Dataset extract:
....
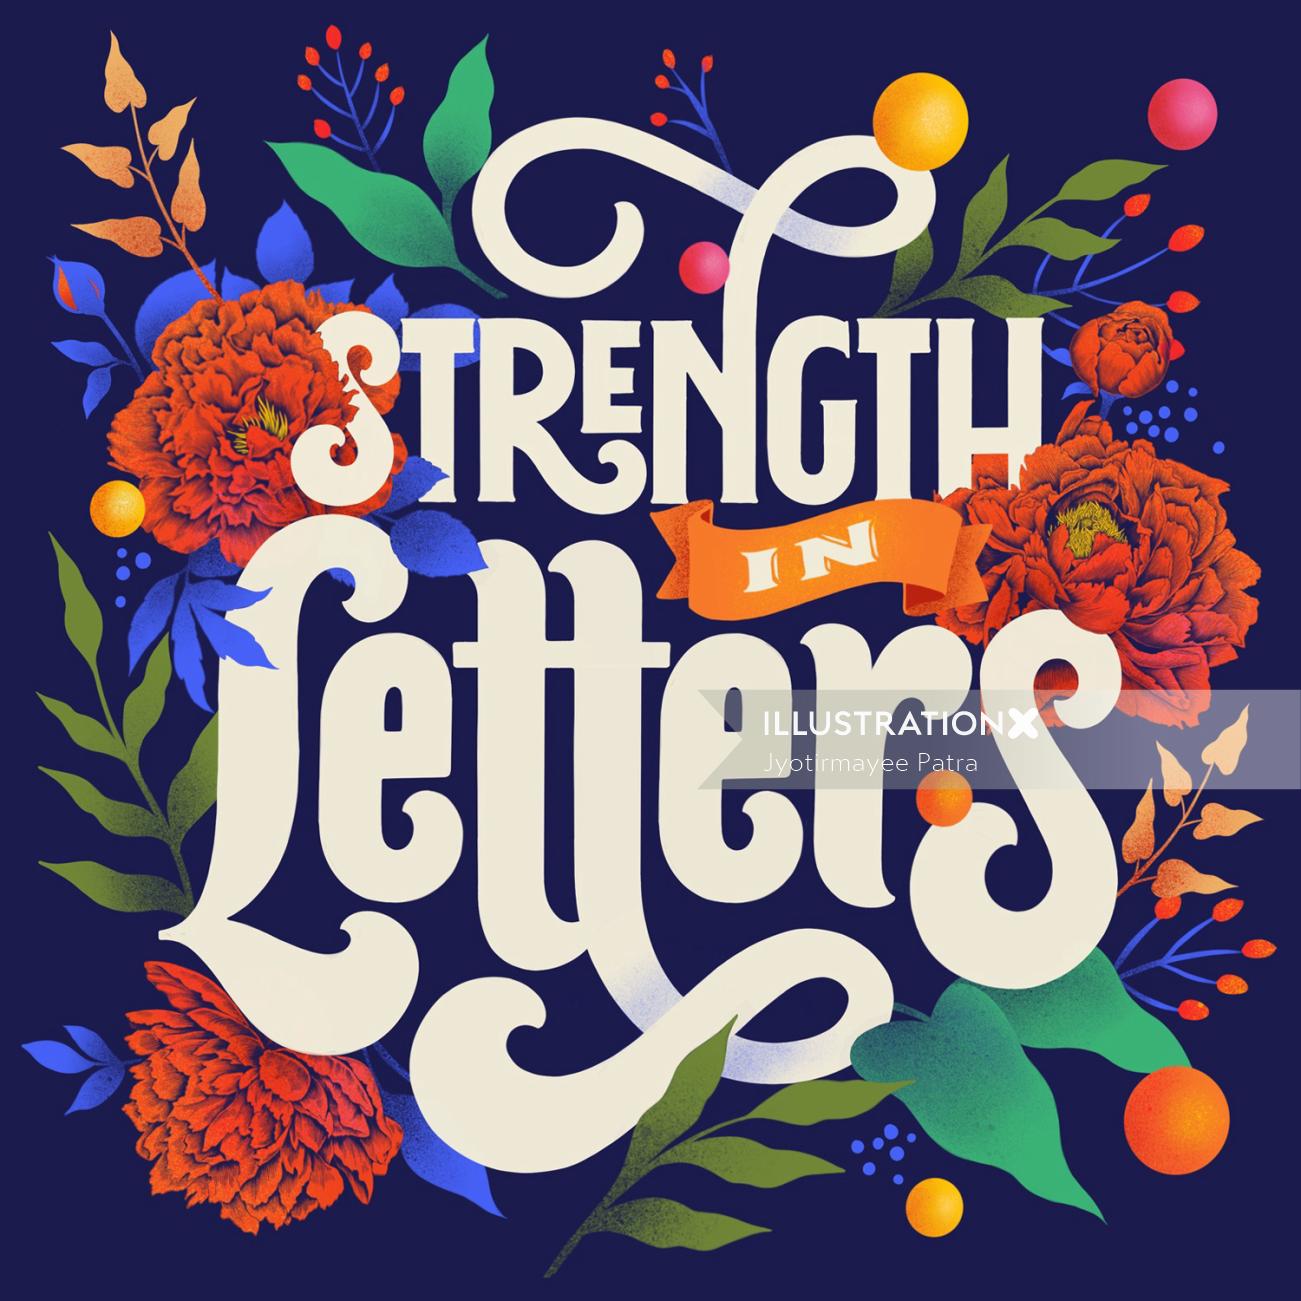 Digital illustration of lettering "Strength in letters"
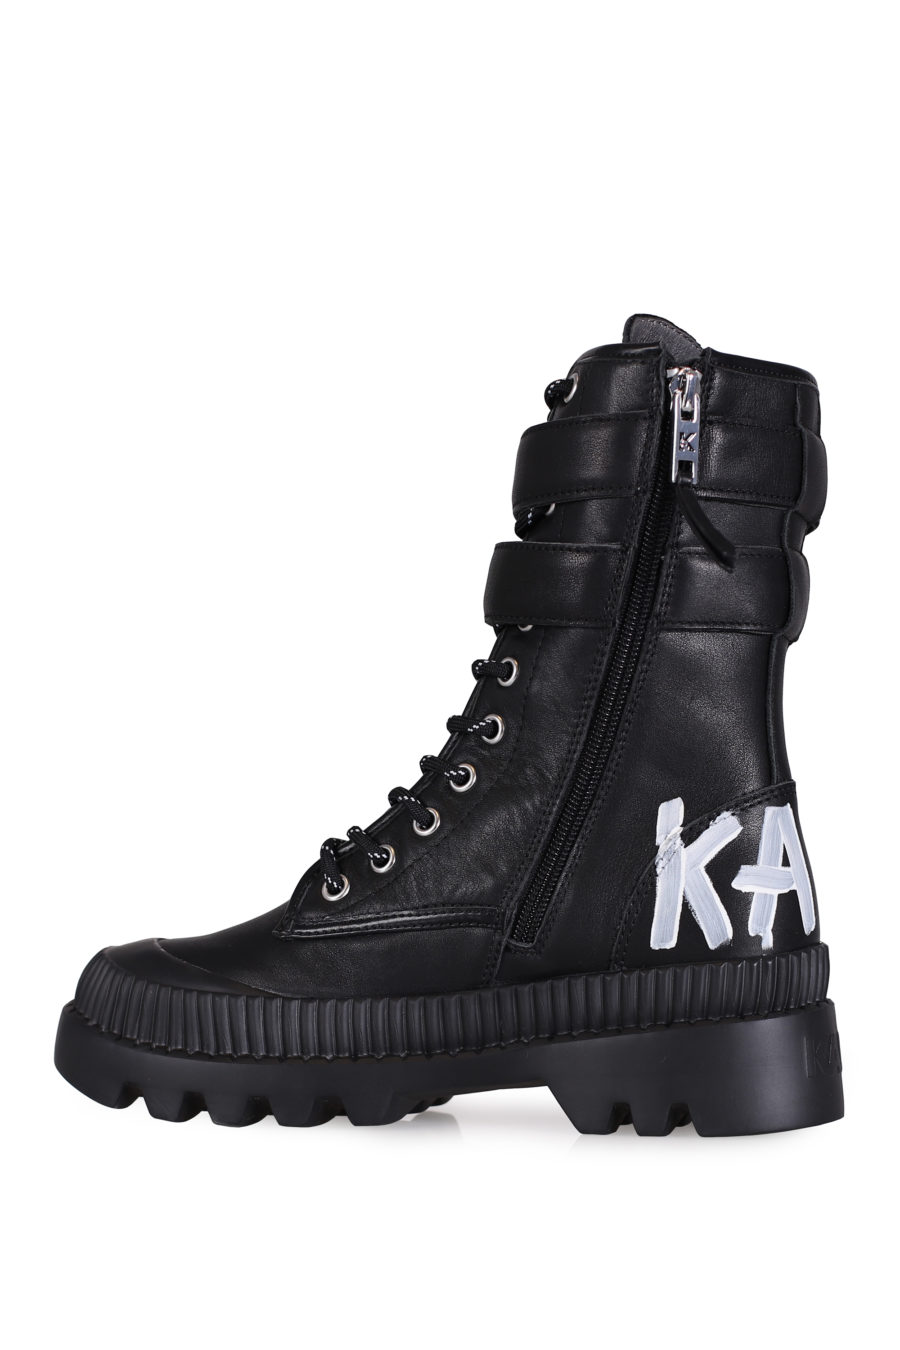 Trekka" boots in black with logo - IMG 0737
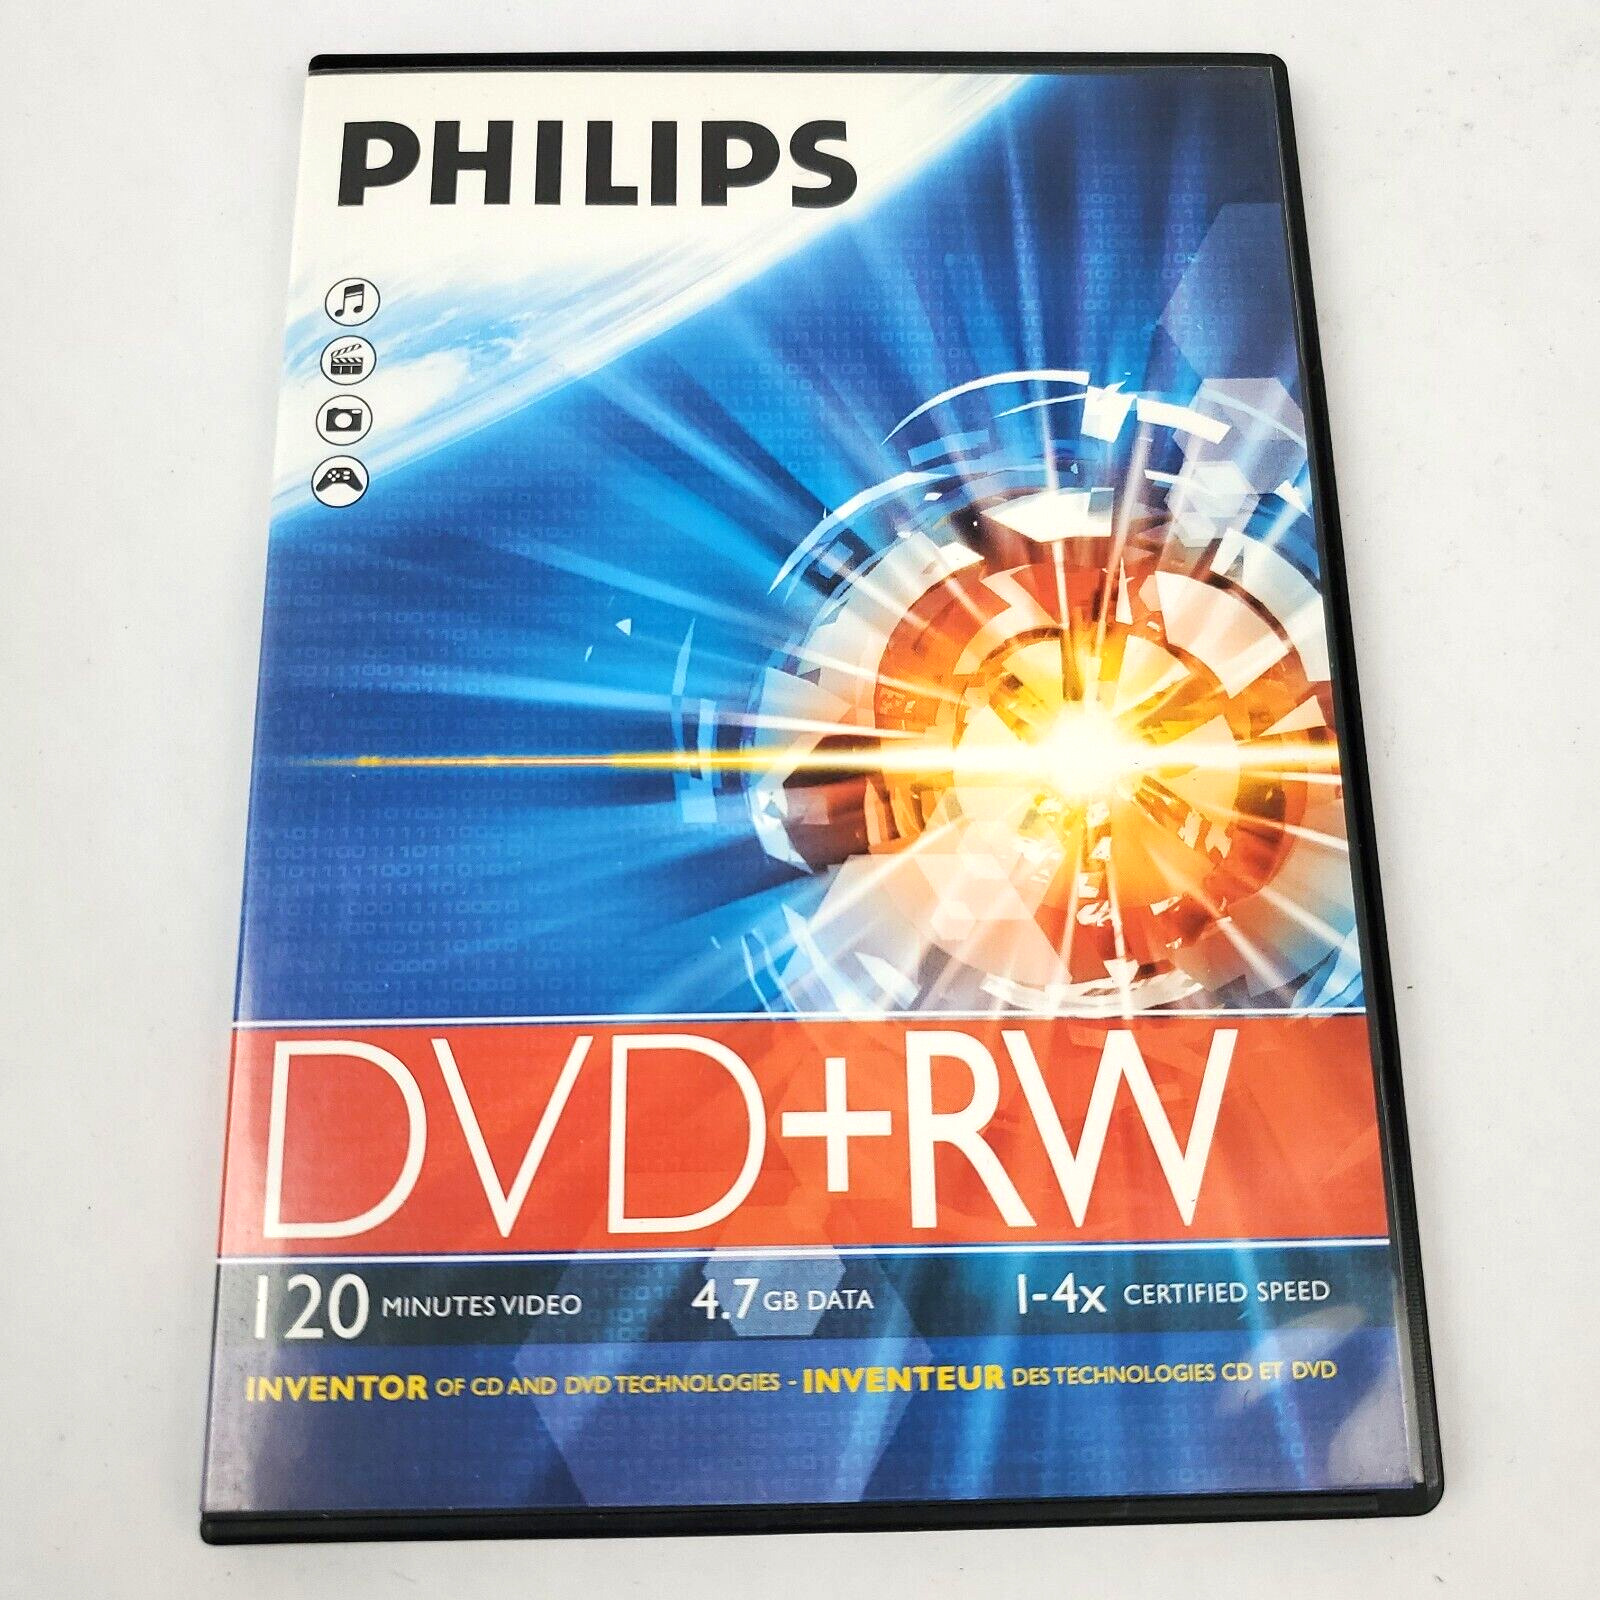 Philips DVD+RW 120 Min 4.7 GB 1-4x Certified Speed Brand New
....
Aim of the exercise:
Your task is to retype exactly the lines that run from the line with "logo - IMG 0737" through the last line of the material, with the pictures left out.

Solution to this problem:
 Trekka" boots in black with logo - IMG 0737
 Philips DVD+RW 120 Min 4.7 GB 1-4x Certified Speed Brand New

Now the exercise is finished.